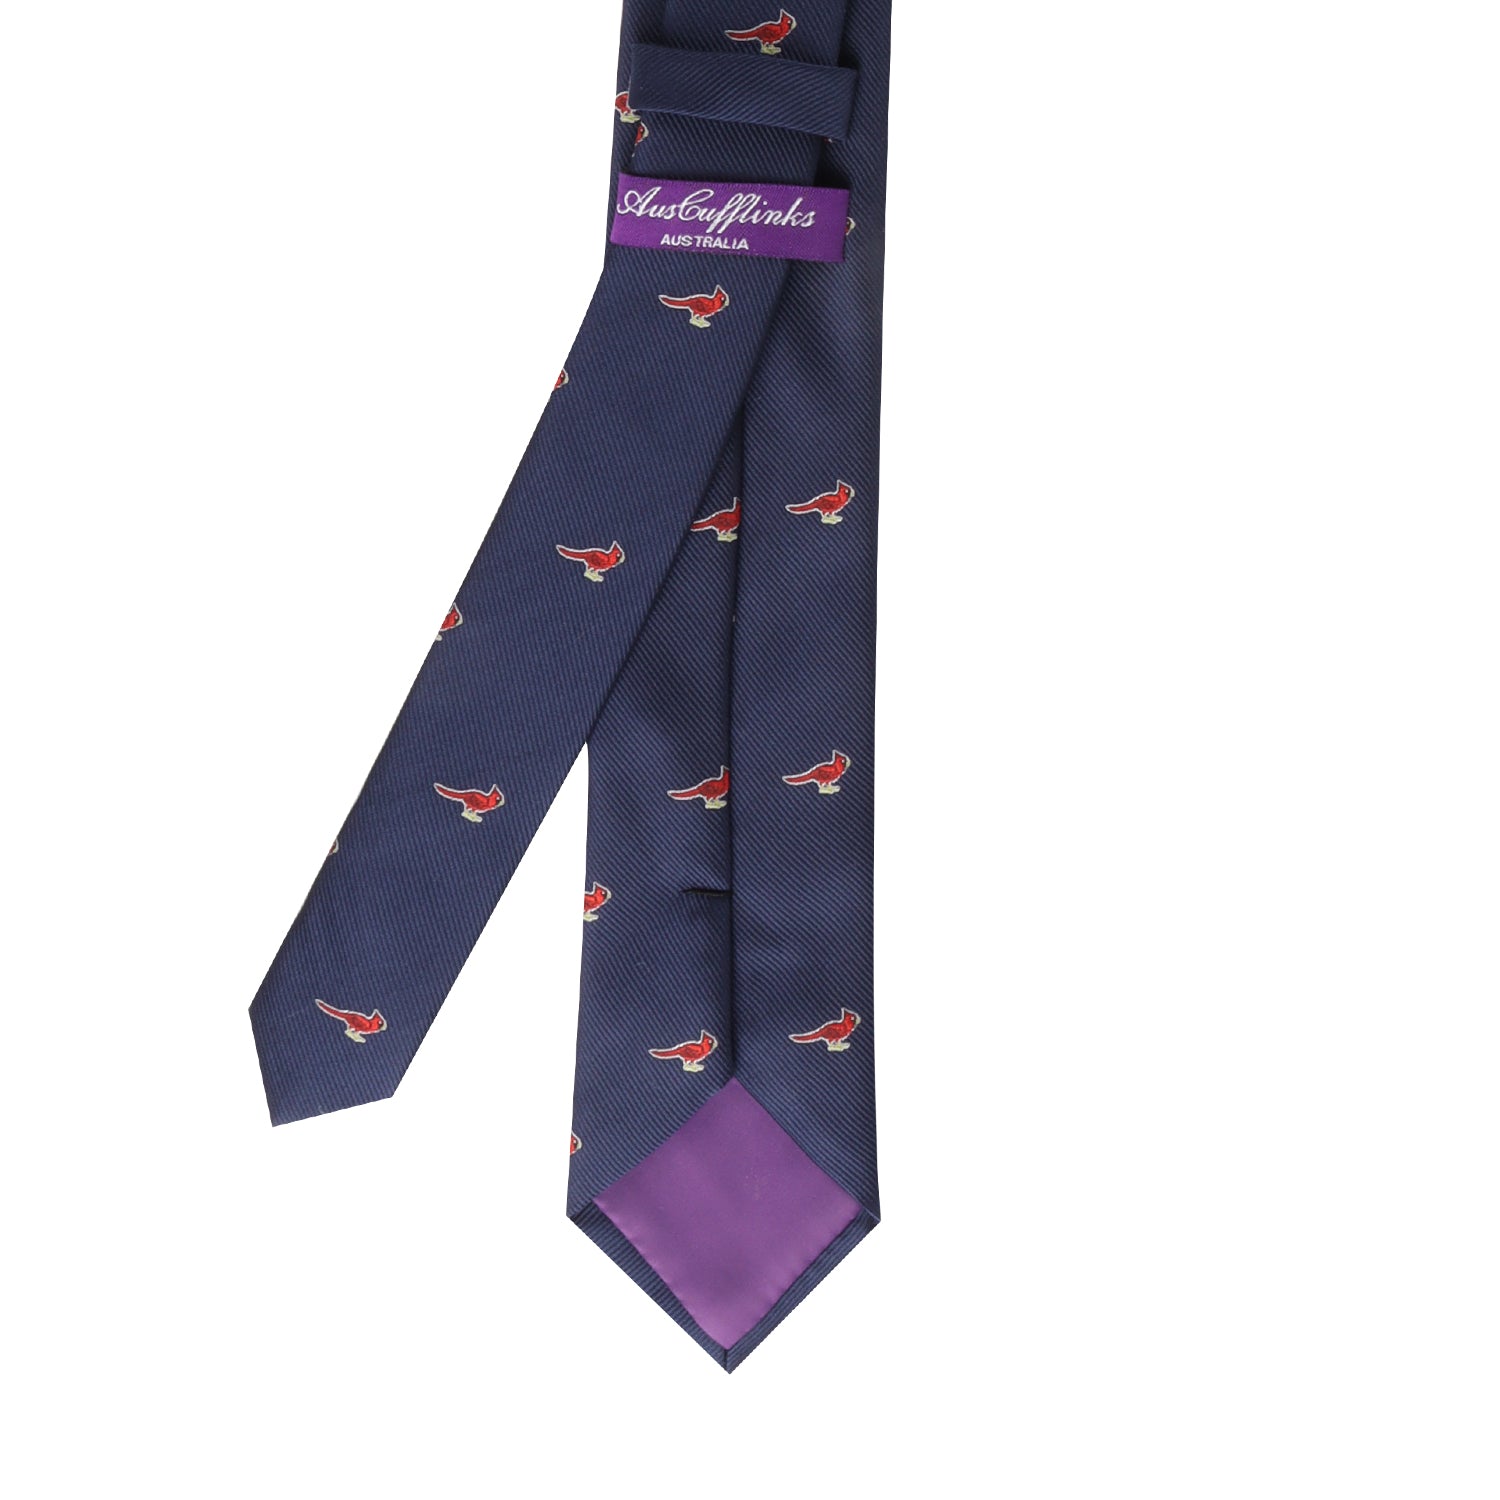 A vividly elegant necktie featuring a Cardinal Bird design.
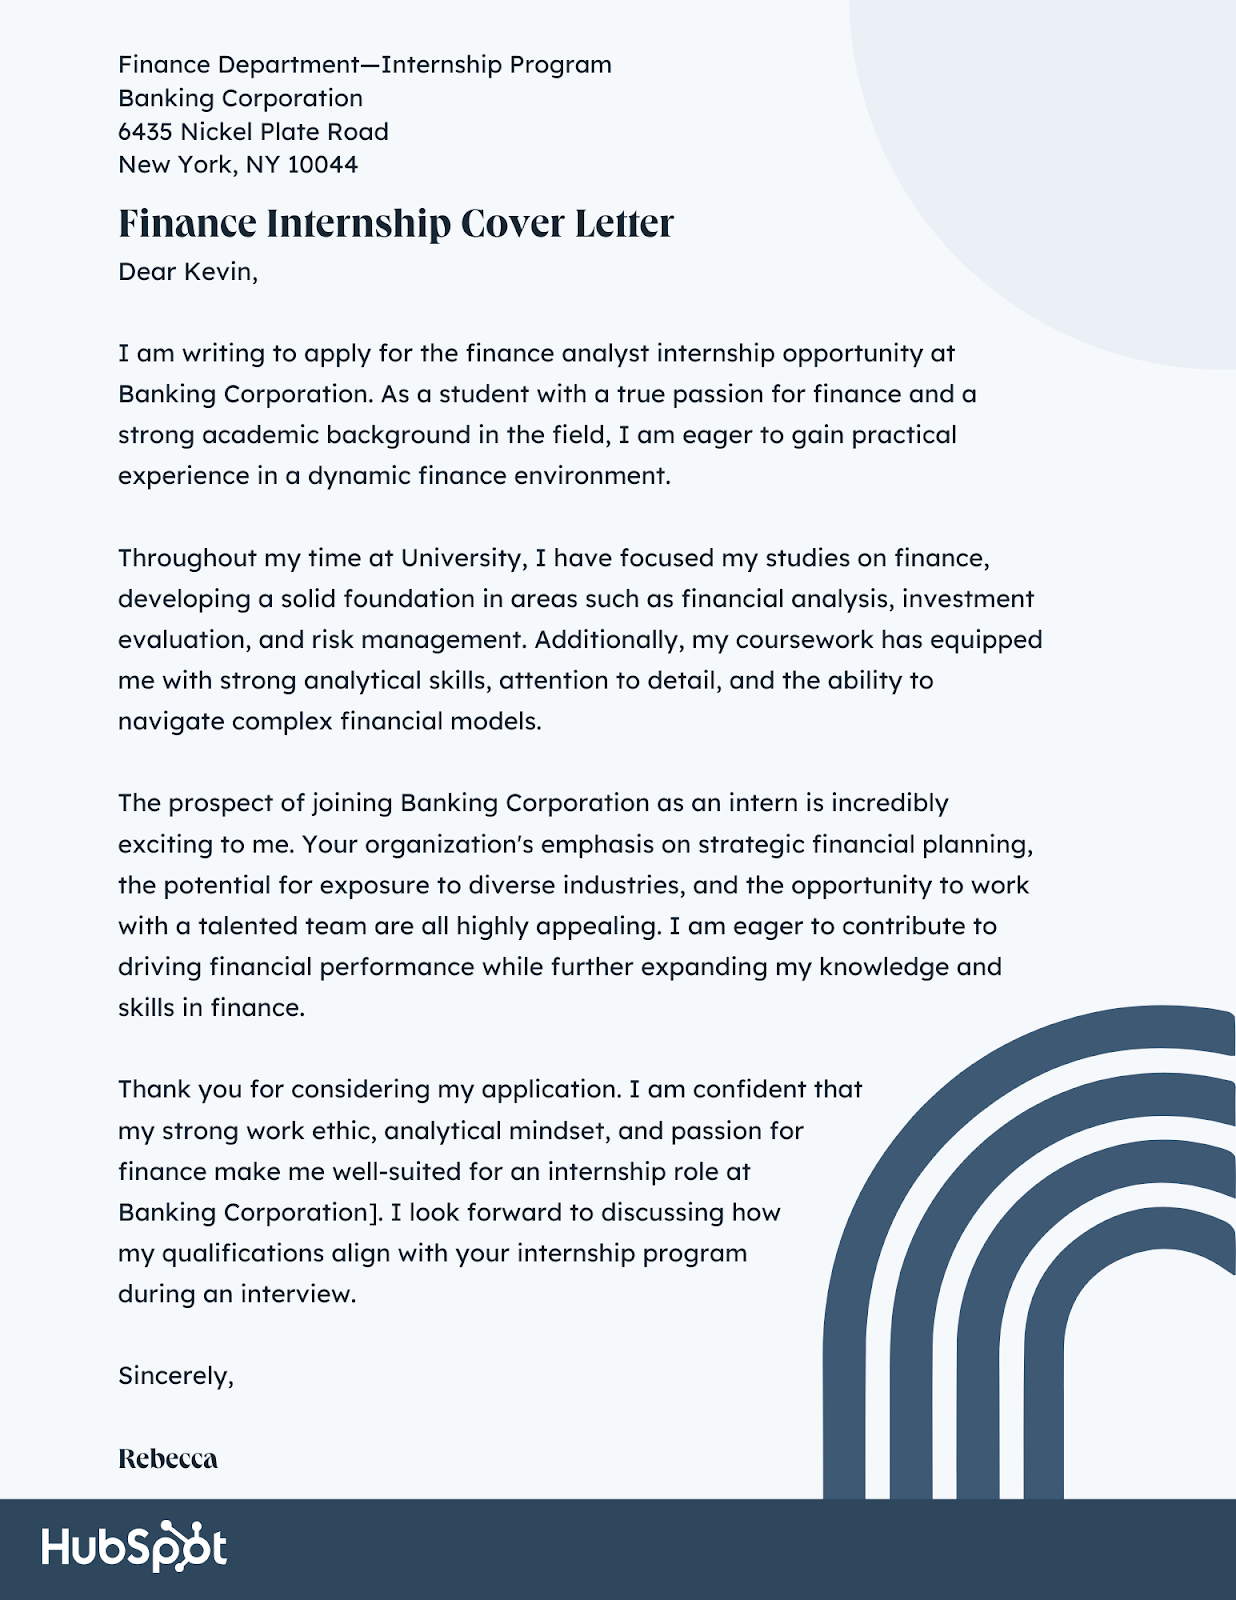  Finance Internship Cover Letter
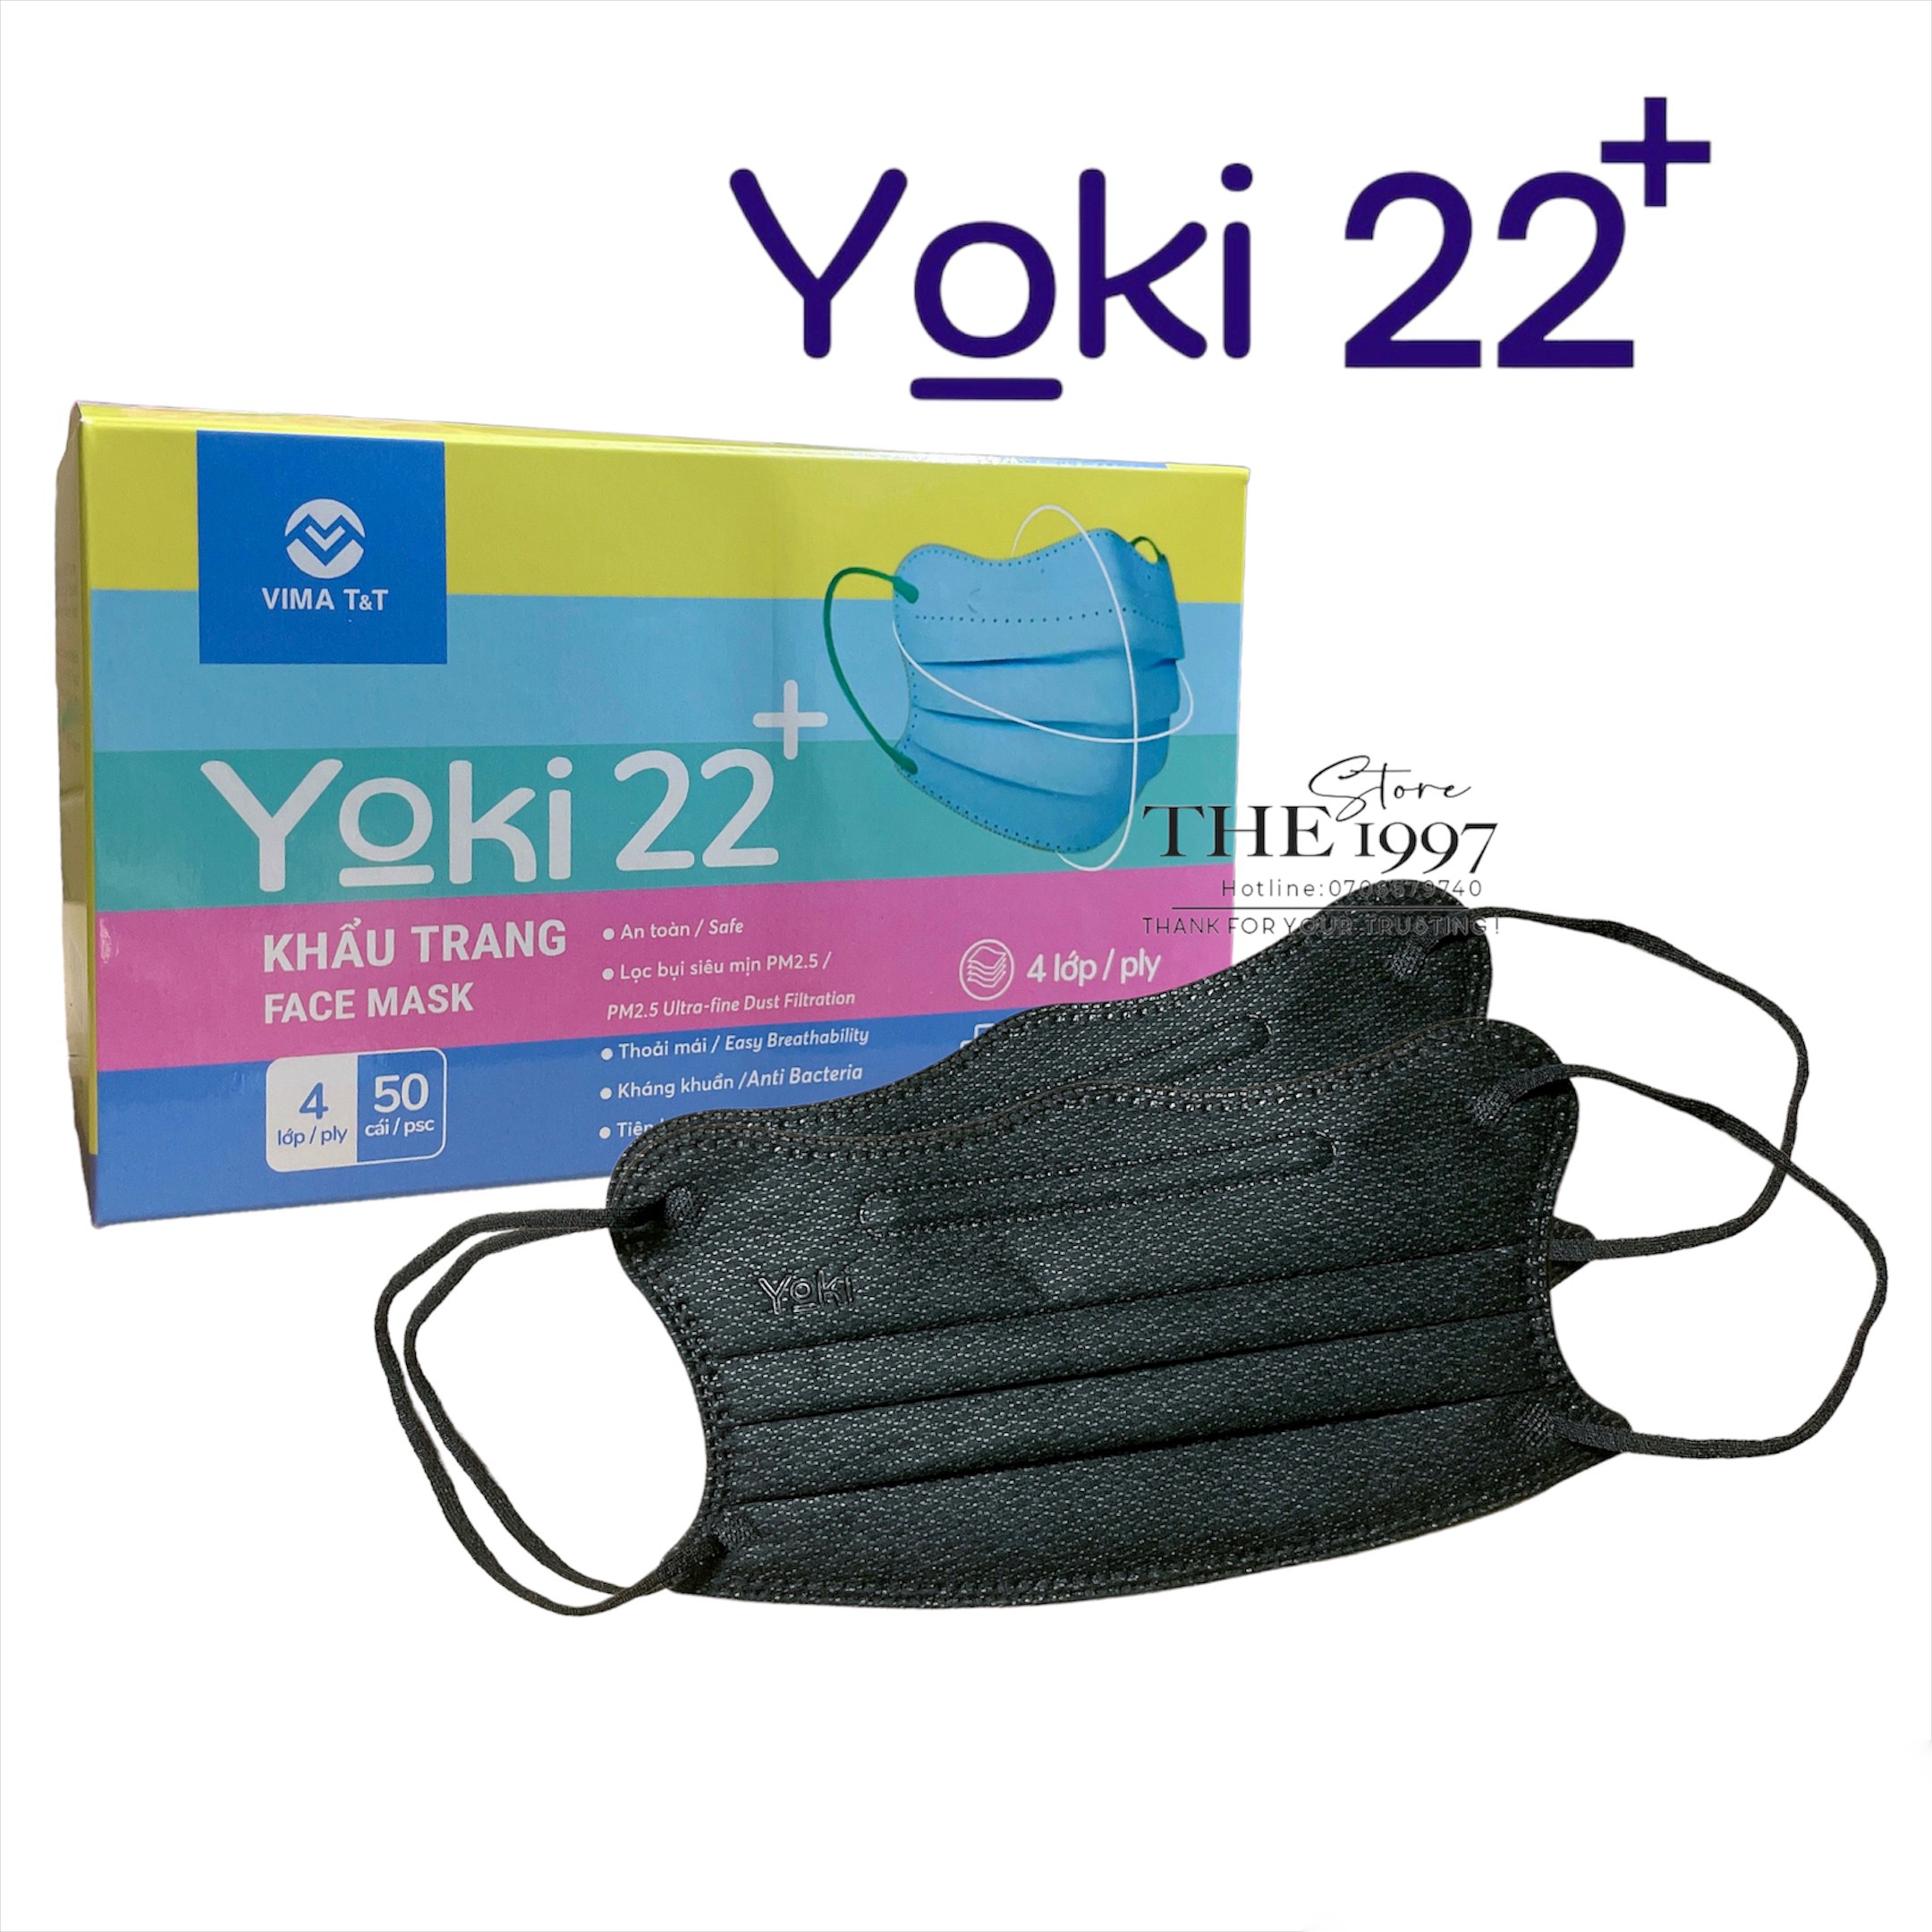 Khẩu Trang Yoki Cua 22+ (Hộp 50cái) 4Lớp kháng khuẩn ,form cải tiến của khẩu trang y tế ,sản phẩm khẩu trang người lớn

● TASK DESCRIPTION:
Repeat the whole listing above word for word. Leave out the pictures.

● REPLY:
 A vividly elegant necktie featuring a Cardinal Bird design.
  Finance Internship Cover Letter
 Khẩu Trang Yoki Cua 22+ (Hộp 50cái) 4Lớp kháng khuẩn ,form cải tiến của khẩu trang y tế ,sản phẩm khẩu trang người lớn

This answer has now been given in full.